Security is the non-negotiable.

If they want to play with whatever tech tools to get their job done, have at it. They can ask for help when they really need it.

But if they are taking short cuts with the security of the data, that needs to be cracked down on immediately, as they are putting the entire company in jeopardy.

If security is non-negotiable, the only solution is to destroy the data so that it can't be ever recovered by anybody. Or even better not having any data in the first place.

Securing some data is very important. Some data indeed shouldn't exist in the first place. But for a lot of data it matters very little. Most security breaches have rather mild consequences.

Treating all data as megatopsecret and all security breaches as end of the company produces not only unproductive systems, but bad security.
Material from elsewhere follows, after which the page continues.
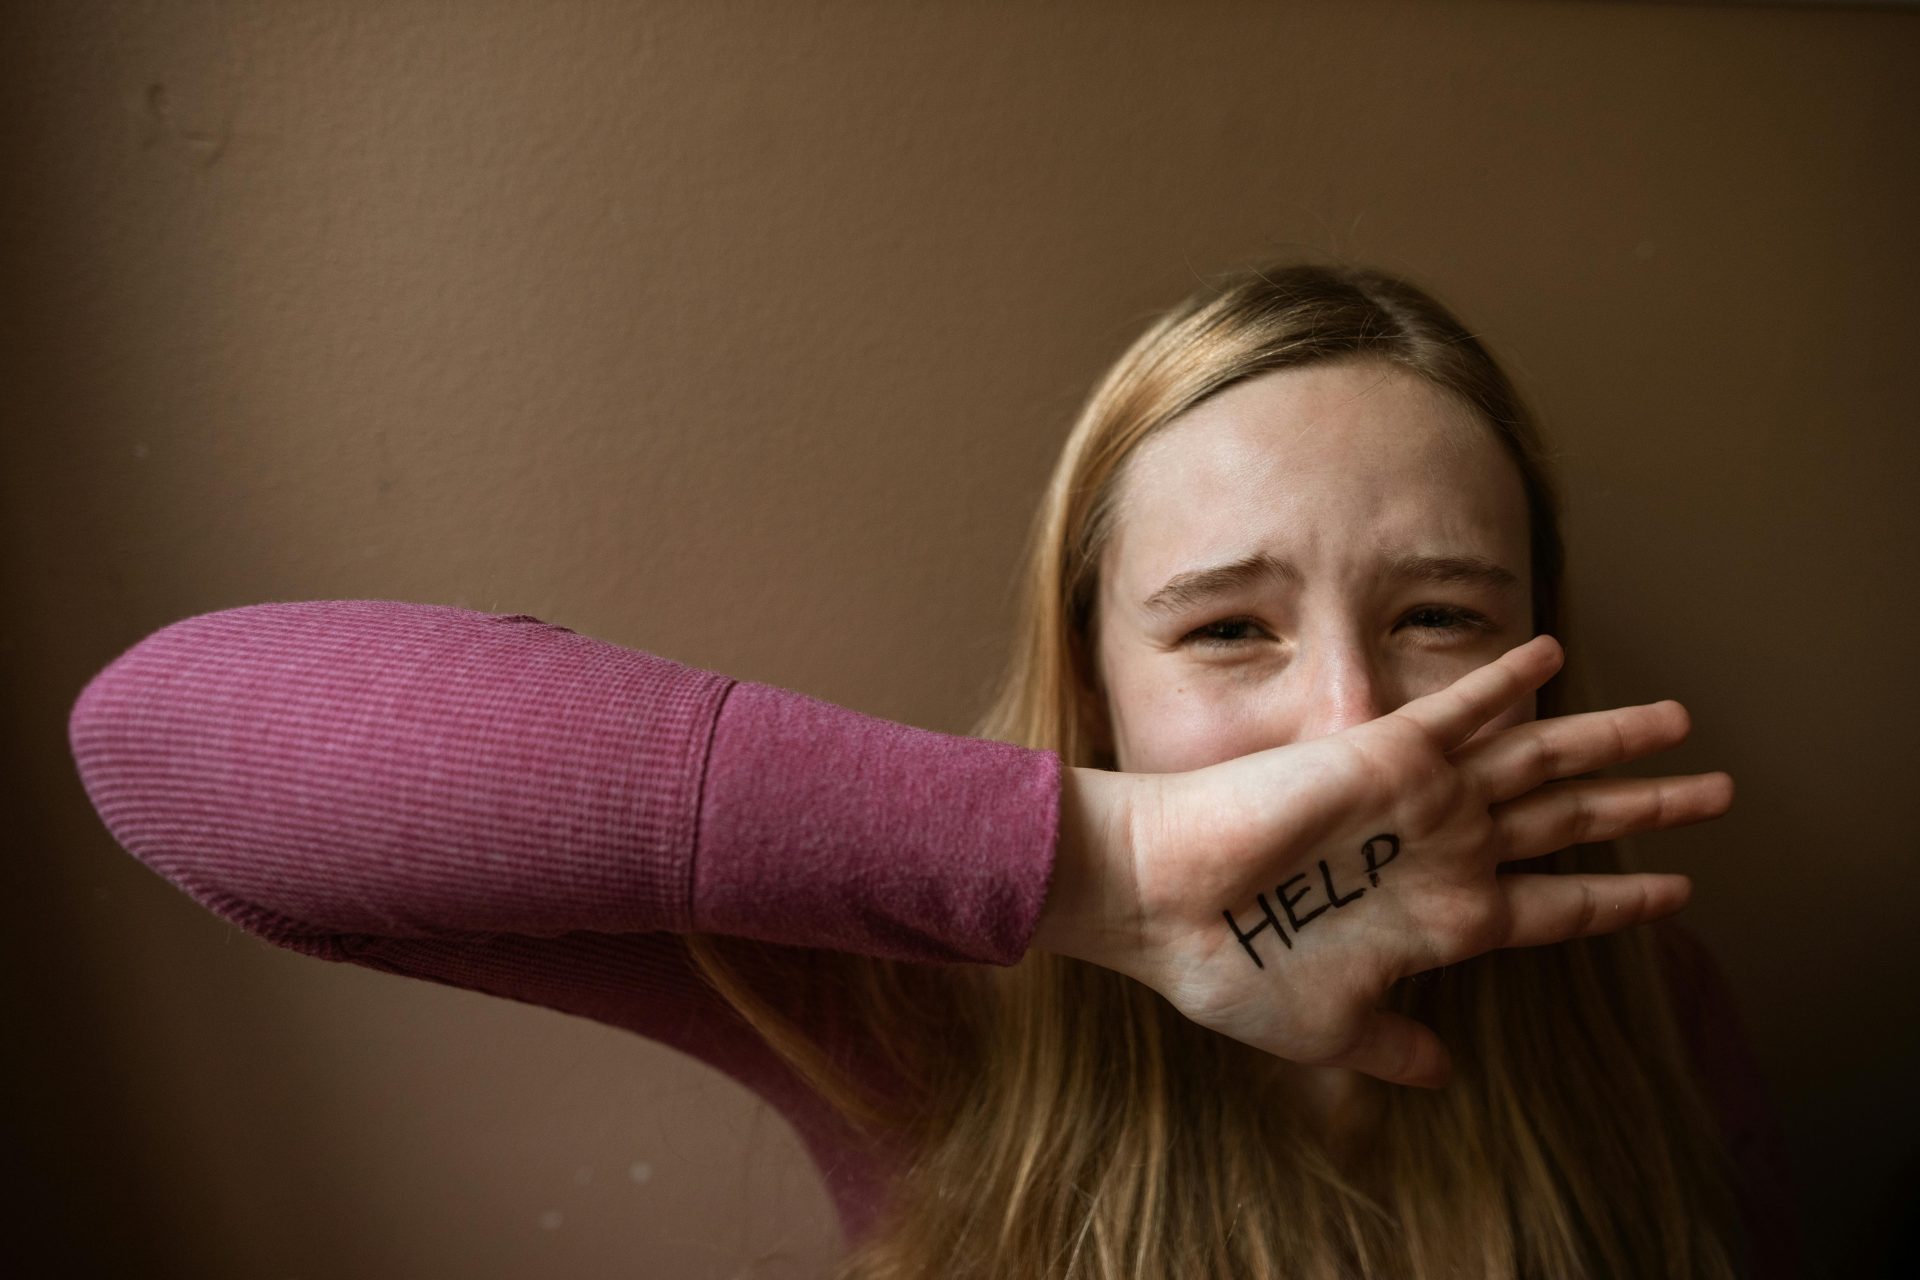 "Чтобы не переживать снова": в Австралии изменят формат дачи показаний для жертв насилия

Well, I work for a company that processes Private Health Information, so a breach is a potential existential threat.
Breach to private health information that can be linked to an individual more exactly? Is this kind of information all around the organization's computers?
Something that seems often forgotten in these discussions is that it's not just putting the entire company in jeopardy, but the customers, clients, and vendors as well. Security seems to be some magical obstructive force to these people because any concerns besides their own convenience are purely abstract. Well, ask anyone who's had their identity stolen from the hundreds of breaches in the last couple of years if that concern is abstract. Staff who can't see past their own desk to understand the role of security are a serious danger to society.